### EXTRACTED RECORDS
↓↓↓
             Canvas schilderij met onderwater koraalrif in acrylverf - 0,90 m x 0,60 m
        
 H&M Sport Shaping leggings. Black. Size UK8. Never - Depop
↑↑↑
↓↓↓
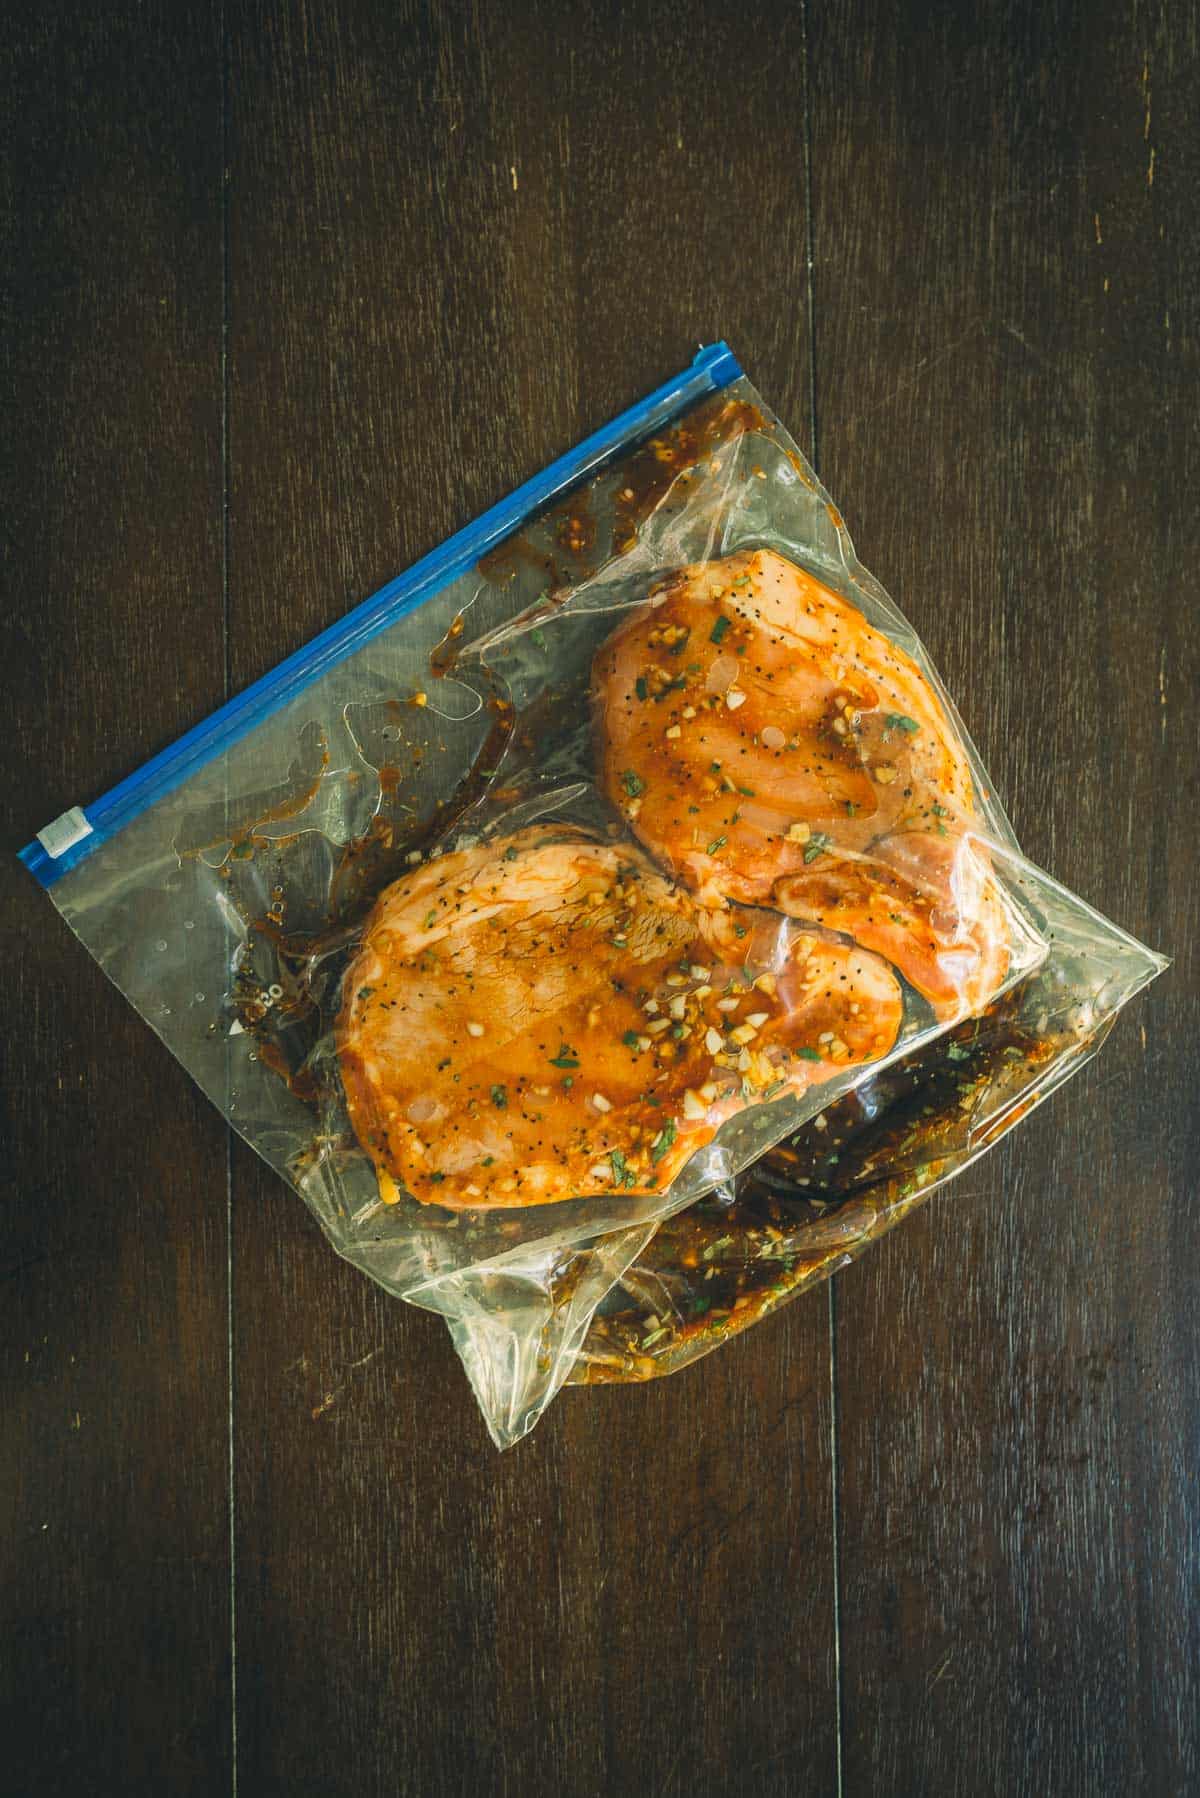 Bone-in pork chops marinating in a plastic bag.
↑↑↑
### TASK STATEMENT
Start with the line above that contains "Canvas schilderij met" and stop after the line that contains "H&M Sport Shaping". Output those lines exactly, and only those.

### SOLUTION
             Canvas schilderij met onderwater koraalrif in acrylverf - 0,90 m x 0,60 m
        
 H&M Sport Shaping leggings. Black. Size UK8. Never - Depop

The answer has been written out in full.